-- What is expected --
Look through the records below for the line holding "Twix-M și sistem". Write it out exactly, with each following line through the line holding "Baggage shipping service".

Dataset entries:
□ □ □ □ □ □ □
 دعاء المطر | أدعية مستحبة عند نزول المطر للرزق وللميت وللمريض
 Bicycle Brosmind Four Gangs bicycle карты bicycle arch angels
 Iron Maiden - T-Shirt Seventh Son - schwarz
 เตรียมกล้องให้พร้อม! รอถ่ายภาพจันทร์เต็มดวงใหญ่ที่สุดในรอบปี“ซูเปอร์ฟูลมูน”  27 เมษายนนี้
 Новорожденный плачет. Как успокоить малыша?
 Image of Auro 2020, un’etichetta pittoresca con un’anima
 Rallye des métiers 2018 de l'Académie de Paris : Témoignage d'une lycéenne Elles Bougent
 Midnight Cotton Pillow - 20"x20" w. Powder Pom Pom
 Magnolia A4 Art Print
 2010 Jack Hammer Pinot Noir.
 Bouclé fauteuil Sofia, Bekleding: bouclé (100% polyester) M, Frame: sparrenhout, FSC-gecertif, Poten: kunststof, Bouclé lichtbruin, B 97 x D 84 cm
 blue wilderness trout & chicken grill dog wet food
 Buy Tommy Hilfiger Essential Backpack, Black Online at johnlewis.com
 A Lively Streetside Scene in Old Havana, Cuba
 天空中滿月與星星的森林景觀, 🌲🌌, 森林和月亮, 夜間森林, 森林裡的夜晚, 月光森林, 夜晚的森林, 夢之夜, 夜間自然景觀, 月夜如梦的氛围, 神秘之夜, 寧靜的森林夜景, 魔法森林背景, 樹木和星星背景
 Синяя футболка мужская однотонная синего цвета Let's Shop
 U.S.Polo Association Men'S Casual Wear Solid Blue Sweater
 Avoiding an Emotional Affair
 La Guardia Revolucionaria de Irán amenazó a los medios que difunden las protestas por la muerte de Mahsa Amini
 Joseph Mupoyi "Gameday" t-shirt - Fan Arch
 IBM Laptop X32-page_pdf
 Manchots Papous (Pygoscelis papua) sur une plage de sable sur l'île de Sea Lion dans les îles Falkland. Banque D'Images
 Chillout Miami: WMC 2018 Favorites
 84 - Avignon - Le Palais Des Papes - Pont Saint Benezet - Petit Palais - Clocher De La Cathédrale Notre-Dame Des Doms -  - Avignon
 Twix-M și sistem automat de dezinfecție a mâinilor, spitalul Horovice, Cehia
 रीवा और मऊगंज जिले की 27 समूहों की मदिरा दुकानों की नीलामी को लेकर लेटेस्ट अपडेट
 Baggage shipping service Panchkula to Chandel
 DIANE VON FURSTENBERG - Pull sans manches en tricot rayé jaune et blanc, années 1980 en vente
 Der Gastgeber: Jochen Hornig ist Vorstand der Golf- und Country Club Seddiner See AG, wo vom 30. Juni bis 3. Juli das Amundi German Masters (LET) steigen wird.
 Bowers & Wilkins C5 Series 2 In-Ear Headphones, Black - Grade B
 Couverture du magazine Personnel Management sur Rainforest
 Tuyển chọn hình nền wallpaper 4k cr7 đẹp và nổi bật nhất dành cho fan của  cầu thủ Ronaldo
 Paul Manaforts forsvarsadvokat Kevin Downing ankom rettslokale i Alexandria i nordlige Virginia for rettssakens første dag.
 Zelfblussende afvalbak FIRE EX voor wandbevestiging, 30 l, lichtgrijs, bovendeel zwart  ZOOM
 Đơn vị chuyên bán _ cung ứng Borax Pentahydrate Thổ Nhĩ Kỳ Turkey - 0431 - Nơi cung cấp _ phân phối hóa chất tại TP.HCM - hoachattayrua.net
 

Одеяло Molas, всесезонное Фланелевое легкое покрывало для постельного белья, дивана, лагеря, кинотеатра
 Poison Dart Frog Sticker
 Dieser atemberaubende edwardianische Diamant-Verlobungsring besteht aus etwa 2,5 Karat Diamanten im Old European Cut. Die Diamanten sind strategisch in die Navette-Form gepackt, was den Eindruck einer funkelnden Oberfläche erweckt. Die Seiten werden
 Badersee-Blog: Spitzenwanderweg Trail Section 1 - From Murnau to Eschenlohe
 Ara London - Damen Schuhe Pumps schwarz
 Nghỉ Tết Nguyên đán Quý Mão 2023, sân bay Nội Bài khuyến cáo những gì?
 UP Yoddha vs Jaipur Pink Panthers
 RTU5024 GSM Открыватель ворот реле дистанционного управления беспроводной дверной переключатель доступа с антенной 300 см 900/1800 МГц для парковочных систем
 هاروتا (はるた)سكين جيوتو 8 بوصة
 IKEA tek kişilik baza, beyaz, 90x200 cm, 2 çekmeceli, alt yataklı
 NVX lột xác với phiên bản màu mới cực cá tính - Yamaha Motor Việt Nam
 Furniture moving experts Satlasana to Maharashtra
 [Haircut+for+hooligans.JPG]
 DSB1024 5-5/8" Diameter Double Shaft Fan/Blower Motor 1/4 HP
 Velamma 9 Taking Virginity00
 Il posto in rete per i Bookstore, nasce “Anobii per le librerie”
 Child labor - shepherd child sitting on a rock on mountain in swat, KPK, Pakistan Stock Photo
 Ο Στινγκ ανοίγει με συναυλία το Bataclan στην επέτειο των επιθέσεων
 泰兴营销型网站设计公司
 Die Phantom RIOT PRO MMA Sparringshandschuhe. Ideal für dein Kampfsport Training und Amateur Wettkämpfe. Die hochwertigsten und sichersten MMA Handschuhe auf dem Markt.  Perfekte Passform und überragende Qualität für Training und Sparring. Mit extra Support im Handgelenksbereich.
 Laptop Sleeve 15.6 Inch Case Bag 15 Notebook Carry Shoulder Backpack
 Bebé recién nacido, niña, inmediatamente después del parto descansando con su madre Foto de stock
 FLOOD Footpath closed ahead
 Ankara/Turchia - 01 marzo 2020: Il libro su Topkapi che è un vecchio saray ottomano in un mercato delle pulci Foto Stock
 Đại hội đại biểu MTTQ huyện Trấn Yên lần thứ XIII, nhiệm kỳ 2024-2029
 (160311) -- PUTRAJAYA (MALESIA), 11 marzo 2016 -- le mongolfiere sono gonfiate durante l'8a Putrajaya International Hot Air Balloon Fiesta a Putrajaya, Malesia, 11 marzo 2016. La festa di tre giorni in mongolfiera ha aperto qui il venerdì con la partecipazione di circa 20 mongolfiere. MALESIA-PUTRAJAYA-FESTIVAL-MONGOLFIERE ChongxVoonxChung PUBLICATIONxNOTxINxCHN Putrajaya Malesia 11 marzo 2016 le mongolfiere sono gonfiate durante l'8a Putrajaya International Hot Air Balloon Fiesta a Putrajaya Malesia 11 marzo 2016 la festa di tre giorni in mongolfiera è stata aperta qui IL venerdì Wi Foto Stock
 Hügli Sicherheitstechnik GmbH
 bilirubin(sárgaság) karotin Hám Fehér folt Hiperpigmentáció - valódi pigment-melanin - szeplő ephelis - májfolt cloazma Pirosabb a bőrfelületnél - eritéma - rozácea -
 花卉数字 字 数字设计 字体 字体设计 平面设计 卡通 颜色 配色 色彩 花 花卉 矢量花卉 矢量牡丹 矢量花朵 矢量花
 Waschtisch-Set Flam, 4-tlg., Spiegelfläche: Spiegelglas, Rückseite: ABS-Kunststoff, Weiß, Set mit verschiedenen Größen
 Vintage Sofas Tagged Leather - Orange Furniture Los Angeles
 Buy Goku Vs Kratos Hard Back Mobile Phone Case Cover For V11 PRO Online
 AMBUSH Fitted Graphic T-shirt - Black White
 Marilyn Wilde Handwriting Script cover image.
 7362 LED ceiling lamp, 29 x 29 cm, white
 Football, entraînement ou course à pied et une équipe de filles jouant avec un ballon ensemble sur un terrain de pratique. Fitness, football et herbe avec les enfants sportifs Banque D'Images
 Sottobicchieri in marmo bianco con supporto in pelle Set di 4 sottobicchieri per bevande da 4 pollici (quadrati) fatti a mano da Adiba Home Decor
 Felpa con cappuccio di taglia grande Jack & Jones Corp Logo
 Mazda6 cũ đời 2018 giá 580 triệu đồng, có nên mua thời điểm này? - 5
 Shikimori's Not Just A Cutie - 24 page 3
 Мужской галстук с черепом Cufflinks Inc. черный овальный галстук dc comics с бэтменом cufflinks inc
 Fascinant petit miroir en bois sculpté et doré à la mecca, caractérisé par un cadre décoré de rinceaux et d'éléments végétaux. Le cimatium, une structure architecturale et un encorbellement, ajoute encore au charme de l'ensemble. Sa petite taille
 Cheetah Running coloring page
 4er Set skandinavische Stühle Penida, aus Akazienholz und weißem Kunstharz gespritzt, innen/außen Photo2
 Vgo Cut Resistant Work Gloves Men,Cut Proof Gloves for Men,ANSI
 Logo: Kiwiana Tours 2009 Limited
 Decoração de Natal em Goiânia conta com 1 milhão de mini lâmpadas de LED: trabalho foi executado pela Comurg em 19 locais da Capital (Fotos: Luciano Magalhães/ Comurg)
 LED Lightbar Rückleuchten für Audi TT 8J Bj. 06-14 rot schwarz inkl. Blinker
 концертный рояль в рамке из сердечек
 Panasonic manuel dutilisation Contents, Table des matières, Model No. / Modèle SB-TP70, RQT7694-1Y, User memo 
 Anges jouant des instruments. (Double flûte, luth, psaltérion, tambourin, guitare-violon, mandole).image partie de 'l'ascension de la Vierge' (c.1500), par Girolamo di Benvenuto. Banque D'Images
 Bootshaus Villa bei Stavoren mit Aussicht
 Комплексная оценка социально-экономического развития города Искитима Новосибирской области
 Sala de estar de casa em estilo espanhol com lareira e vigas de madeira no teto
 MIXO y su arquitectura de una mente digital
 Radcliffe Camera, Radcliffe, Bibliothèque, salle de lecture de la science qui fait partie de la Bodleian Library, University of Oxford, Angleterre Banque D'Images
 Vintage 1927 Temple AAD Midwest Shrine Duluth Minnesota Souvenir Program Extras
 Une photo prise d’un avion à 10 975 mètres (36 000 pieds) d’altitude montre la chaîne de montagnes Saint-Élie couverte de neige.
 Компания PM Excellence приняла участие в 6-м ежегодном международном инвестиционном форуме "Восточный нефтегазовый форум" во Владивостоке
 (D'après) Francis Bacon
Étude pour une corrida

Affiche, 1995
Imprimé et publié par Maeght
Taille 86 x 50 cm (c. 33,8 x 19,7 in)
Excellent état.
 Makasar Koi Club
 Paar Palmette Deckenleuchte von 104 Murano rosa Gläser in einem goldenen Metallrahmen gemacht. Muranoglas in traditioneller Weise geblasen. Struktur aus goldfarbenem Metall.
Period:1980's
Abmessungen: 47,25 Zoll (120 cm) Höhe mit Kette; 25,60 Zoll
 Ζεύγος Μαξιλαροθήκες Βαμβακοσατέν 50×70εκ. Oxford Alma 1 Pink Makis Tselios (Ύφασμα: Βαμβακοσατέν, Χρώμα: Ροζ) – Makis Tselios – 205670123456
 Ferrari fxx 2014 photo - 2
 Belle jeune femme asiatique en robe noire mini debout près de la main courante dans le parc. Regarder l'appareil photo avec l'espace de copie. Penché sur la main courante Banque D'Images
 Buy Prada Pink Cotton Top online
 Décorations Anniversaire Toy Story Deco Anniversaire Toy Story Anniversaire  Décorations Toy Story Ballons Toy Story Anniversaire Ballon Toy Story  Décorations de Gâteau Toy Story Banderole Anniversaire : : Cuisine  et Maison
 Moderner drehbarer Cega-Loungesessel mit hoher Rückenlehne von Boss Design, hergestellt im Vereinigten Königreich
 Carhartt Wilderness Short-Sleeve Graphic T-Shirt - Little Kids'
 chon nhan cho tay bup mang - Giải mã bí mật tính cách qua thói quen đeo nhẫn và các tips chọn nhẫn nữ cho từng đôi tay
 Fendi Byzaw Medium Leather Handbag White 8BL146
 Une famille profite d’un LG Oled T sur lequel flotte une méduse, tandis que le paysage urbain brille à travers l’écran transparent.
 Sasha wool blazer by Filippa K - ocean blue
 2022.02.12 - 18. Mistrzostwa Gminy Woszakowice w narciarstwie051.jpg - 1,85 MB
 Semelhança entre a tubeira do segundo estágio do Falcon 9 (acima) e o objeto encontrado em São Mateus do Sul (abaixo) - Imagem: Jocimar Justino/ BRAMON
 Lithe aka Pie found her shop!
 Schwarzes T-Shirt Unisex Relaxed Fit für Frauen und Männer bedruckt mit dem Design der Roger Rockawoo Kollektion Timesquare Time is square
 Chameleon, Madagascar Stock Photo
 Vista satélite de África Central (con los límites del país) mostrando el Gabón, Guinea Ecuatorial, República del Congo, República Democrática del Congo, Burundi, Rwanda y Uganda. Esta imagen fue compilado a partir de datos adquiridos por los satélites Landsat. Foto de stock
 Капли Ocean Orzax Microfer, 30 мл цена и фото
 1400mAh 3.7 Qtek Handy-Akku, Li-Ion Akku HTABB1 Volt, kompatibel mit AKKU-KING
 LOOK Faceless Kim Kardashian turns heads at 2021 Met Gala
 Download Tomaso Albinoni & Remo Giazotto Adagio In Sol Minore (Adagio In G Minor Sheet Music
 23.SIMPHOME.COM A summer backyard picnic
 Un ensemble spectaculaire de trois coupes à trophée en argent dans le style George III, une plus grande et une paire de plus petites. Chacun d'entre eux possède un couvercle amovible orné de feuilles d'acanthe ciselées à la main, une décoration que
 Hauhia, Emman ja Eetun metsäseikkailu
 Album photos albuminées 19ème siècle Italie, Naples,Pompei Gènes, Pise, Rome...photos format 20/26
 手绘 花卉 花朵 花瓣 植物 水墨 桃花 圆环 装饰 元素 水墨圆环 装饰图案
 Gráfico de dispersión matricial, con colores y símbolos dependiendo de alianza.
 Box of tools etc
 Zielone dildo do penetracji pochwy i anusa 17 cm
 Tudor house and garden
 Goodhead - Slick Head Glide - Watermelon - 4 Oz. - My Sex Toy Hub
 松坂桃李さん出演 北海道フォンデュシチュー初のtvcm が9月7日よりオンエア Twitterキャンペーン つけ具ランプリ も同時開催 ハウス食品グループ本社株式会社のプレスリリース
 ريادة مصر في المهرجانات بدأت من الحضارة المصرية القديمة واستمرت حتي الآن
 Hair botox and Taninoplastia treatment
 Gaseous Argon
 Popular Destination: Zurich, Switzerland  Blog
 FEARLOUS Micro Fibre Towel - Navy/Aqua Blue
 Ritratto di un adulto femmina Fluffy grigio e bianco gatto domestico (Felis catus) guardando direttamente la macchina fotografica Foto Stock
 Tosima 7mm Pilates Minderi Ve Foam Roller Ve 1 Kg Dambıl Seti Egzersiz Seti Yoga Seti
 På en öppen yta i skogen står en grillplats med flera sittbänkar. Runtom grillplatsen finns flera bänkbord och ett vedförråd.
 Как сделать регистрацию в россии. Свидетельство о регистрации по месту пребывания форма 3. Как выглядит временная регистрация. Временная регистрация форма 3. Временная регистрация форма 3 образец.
□ □ □ □ □ □ □
-- Your response --
 Twix-M și sistem automat de dezinfecție a mâinilor, spitalul Horovice, Cehia
 रीवा और मऊगंज जिले की 27 समूहों की मदिरा दुकानों की नीलामी को लेकर लेटेस्ट अपडेट
 Baggage shipping service Panchkula to Chandel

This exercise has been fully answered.